I'm trying to dive into K8s networking model and I think I have a pretty good understanding of it so far, but there is one thing that I can't get my head around. In the Cluster Networking guide, the following is mentioned:
Kubernetes imposes the following fundamental requirements on any networking implementation (barring any intentional network segmentation policies):
- all containers can communicate with all other containers without NAT
- all nodes can communicate with all containers (and vice-versa) without NAT
- the IP that a container sees itself as is the same IP that others see it as
The second bullet point specifies that x-node container communication should be possible without NAT. This is however not true when kube-proxy runs in iptables
mode. This is the dump of the iptables from one of my nodes:
Chain POSTROUTING (policy ACCEPT)
target prot opt source destination
KUBE-POSTROUTING all -- anywhere anywhere /* kubernetes postrouting rules */
Chain KUBE-POSTROUTING (1 references)
target prot opt source destination
MASQUERADE all -- anywhere anywhere /* kubernetes service traffic requiring SNAT */ mark match 0x4000/0x4000
/* sample target pod chain being marked for MASQ */
Chain KUBE-SEP-2BKJZA32HM354D5U (1 references)

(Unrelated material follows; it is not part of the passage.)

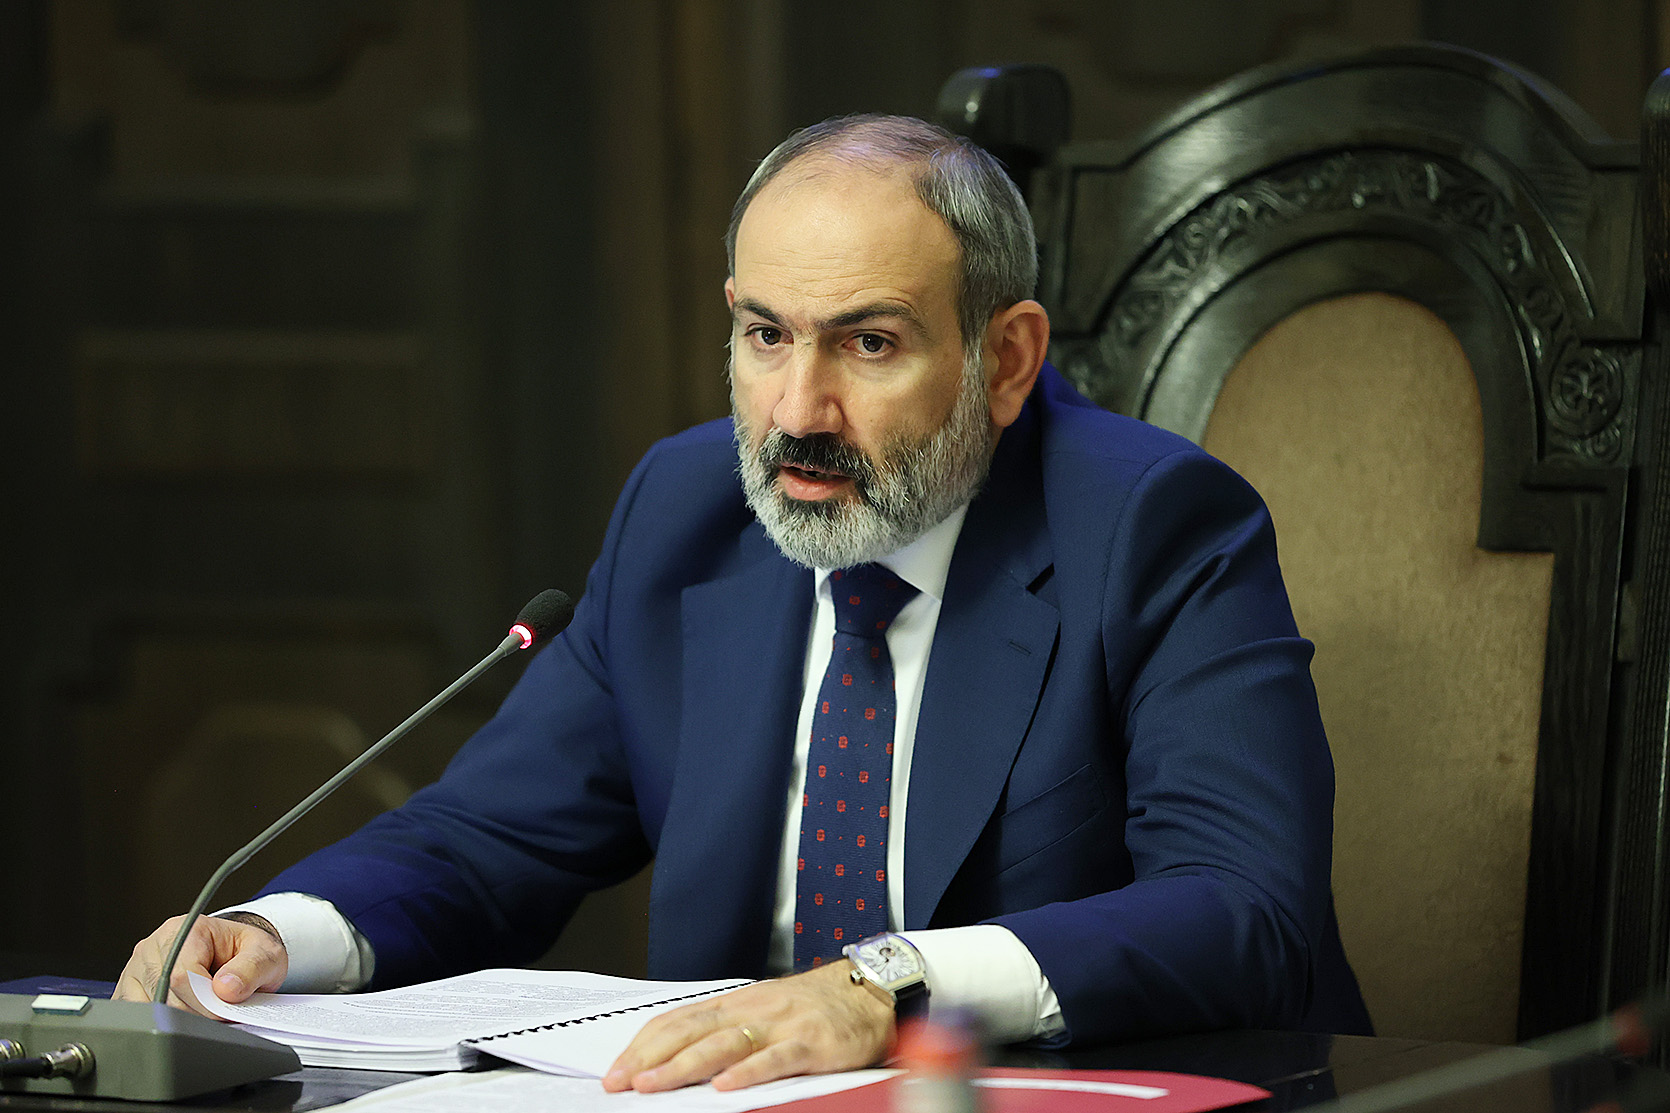 Причины существования армии обороны Нагорного Карабаха каждый может найти в пропаганде и действиях Азербайджана: премьер-министр Армении

target prot opt source destination
KUBE-MARK-MASQ all -- xx.yyy.zzz.109 anywhere /* kube-system/heapster: */
DNAT tcp -- anywhere anywhere /* kube-system/heapster: */ tcp to:xx.yyy.zzz.109:8082
Chain KUBE-MARK-MASQ (156 references)
target prot opt source destination
MARK all -- anywhere anywhere MARK or 0x4000
Looks like K8s is changing the source IP of marked outbound packets to the node's IP (for a ClusterIP service). And they even explicitly mention this in Source IP for Services with Type=ClusterIP:
Packets sent to ClusterIP from within the cluster are never source NAT’d if you’re running kube-proxy in iptables mode, which is the default since Kubernetes 1.2. If the client pod and server pod are in the same node, the client_address is the client pod’s IP address. However, if the client pod and server pod are in different nodes, the client_address is the client pod’s node flannel IP address.
This starts by saying packets within the cluster are never SNAT'd but then proceedes to say packages sent to pods in other nodes are in fact SNAT'd. I'm confused about this - am I misinterpreting the all nodes can communicate with all containers (and vice-versa) without NAT requirement somehow?